Hard to Swallow
Usually I am quick to anticipate a suitable blog topic and proceed as a bellweather of the Blogosphere (oh Brave New Lexicon), but I was slow on the uptake when the family of former FBI second-in-command Mark Felt revealed, with his corroboration, that he was the famous Deep Throat who guided Woodstein toward their discoveries of the Watergate webs of deceit. So I'll throw in my two cents.
The revelation was something of a disappointment, since it was the biggest newsworthy mystery since the disappearance of Amelia Earhart, and I was hoping for a character of higher public profile to be named. Someone like Martha Mitchell or Charles Colson or David Eisenhower. Felt is pretty bland and being a spy, is too obvious. Apparently he was already suspected by most of the Washington cognescenti. And the nobility of his mission has been somewhat tarnished by the fact that he was upset that Nixon had selected Patrick Grey over him as a successor to that great FBI MegaHypocrite J. Edgar Hoover. That, may have been because Nixon suspected him of being a Jew. Also, he was guilty himself of illegal wiretappings while executing his duties in the early 1980s. So a little Iago (as well as Shylock) plays into this, not just patriotic idealism.

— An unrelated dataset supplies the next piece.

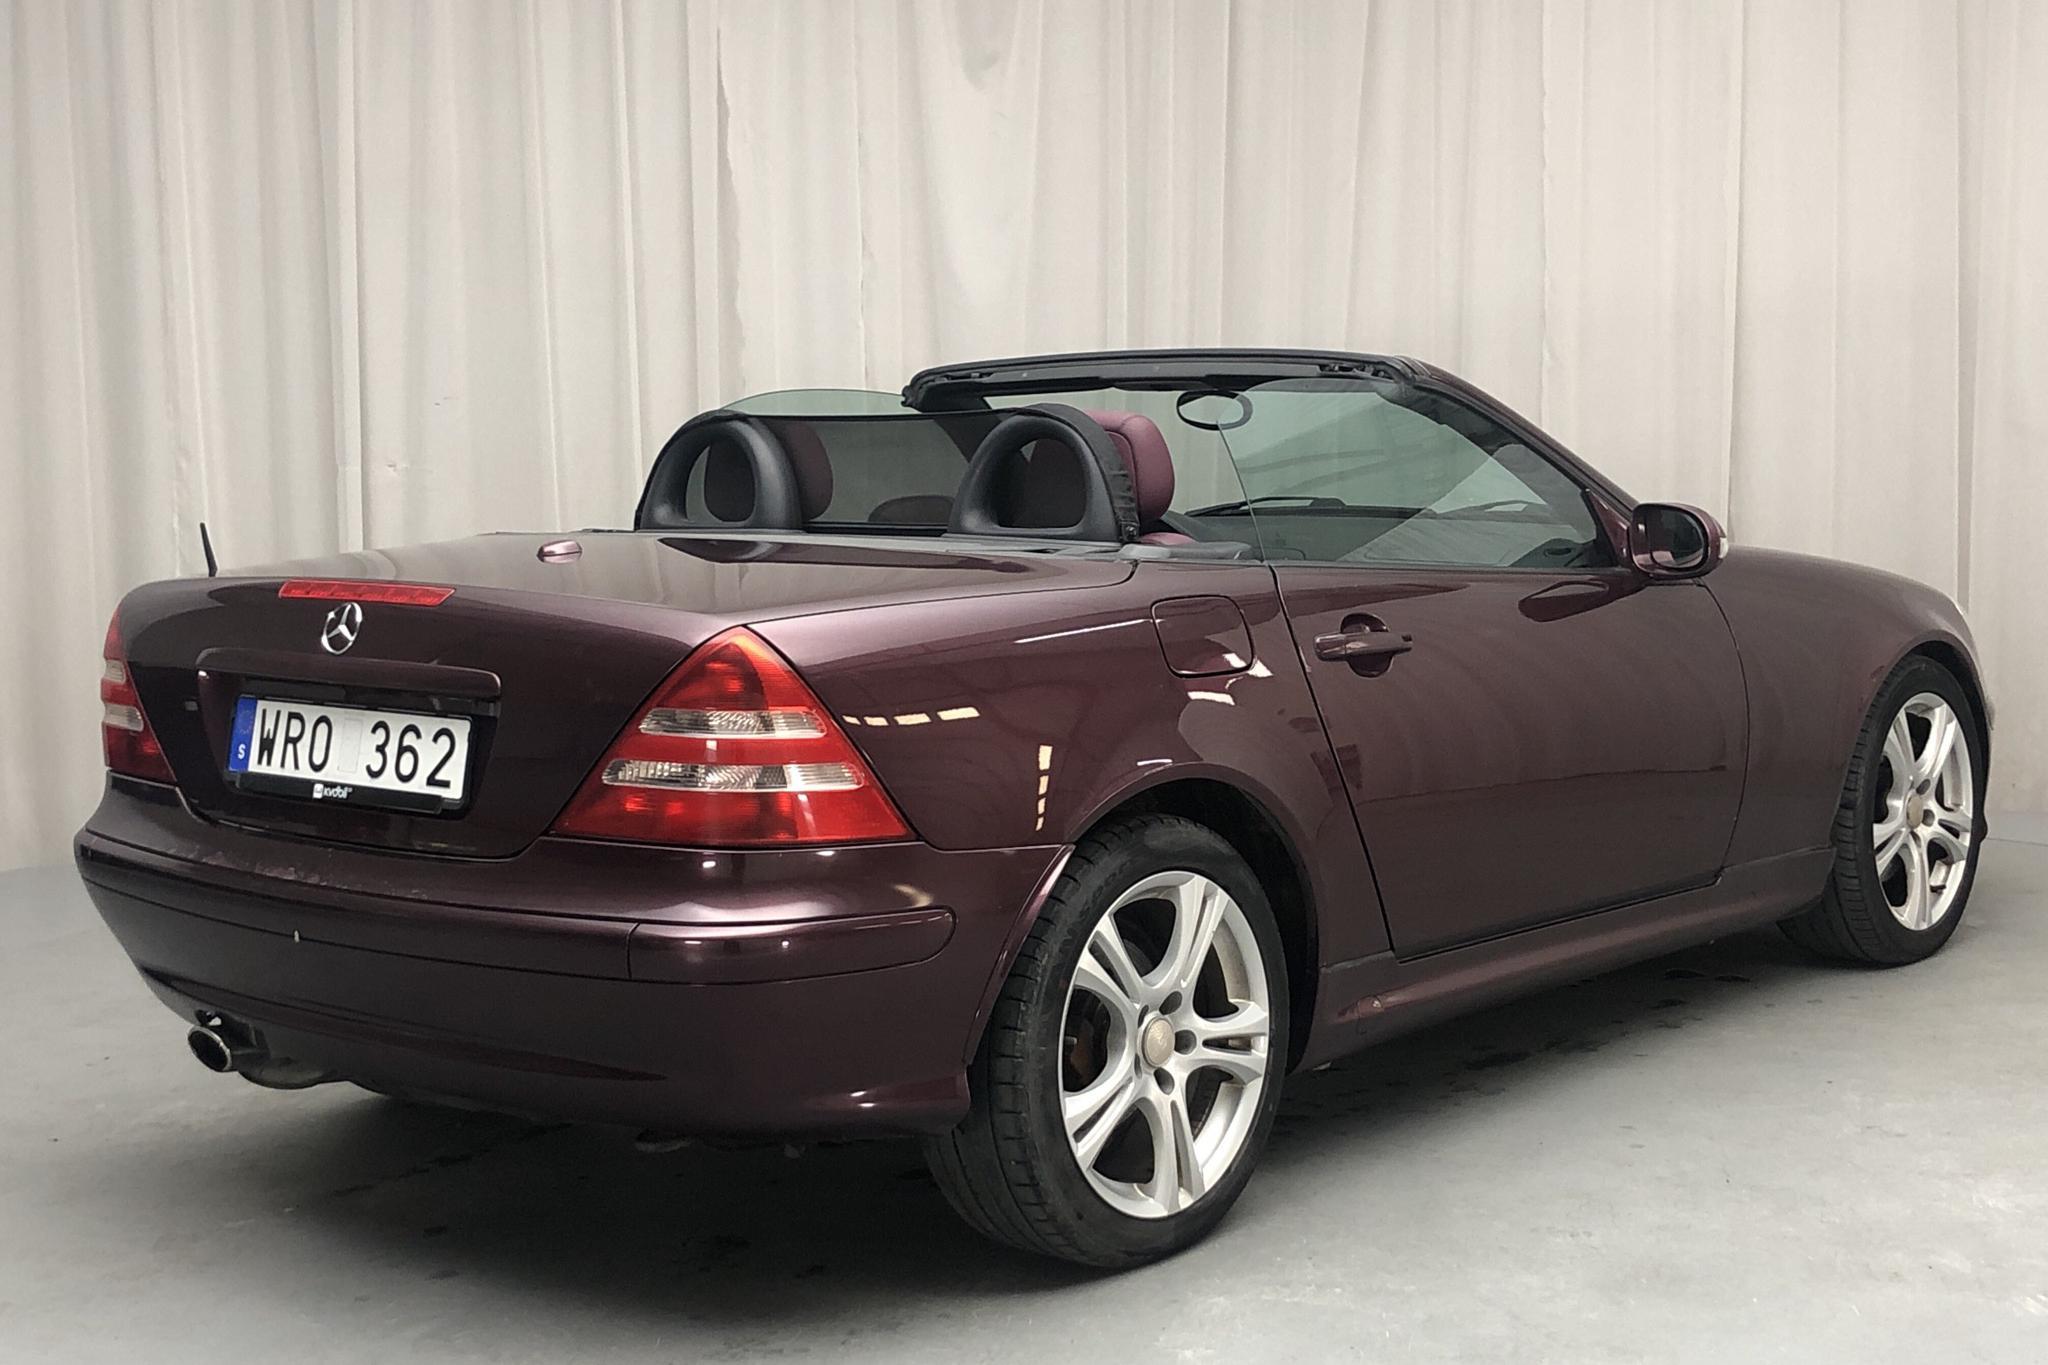 Mercedes SLK 320 R170 (218hk) - 12 161 mil - Manuell - röd - 2001

That being said, all law-abiding citizens ought to regard his whistle-blowing concerning the web of lies concocted by All the President's Men as a courageous and moral act. All, except, of course, the knee-jerk Republican apologists like Patrick Buchanan who thought it seedy and irresponsible. Buchanan is still pissed that he was kept out of the loop while serving as Tricky Dick's speechwriter. (He shouldn't be--it kept him clean enough to survive decades and remain a Fox Favorite Pundit). Well, guys, I'm sure you applaud Linda Tripp, otherwise known as That Fat Cunt, whose illegal wiretapping exposed the infidelities (I am shocked! shocked!) of Bill Clinton that led to his impeachment. Well, moral hypocrisy has never particularly bothered the Republicans. Names like Spiro Agnew and Robert Livingston come to mind, though not agreeably.
Hey, the Republicans should be grateful for Watergate. If it weren't for that seminal event they wouldn't be in charge of the White House now. How do I figure? Well, history and politics do not exist as isolated events, but a continuum of give-and-take, action-and-reaction. The Democrats would likely have won the presidency in 1976 even without a lame Gerald Ford, as the economy was tanking. History would likely have proceeded with a Reagan ascendancy. But Watergate gave them a cause celebre, as they waited for payback. That payback came in the form of the ludicrously overhyped Whitewater and Monicagate affairs that tainted Clinton's reputation and kept him on the sidelines during the 2000 campaign. With a stronger presence (like Reagan's in 1988), and a solid record of leading the nation through its most prosperous era ever, Clinton would have helped Veep Al Gore to capture enough votes to overcome the interference of Nader in Florida and other states as well.
Okay, now that this issue has been resolved, it's time to focus on mysteries that really matter, such as the Real Killers of Nicole Simpson and Ron Goldman, what is down that damn pit in "Lost," when Barry Bonds actually stopped taking steroids, and why 60% of California voters elected a fictional character as their governor.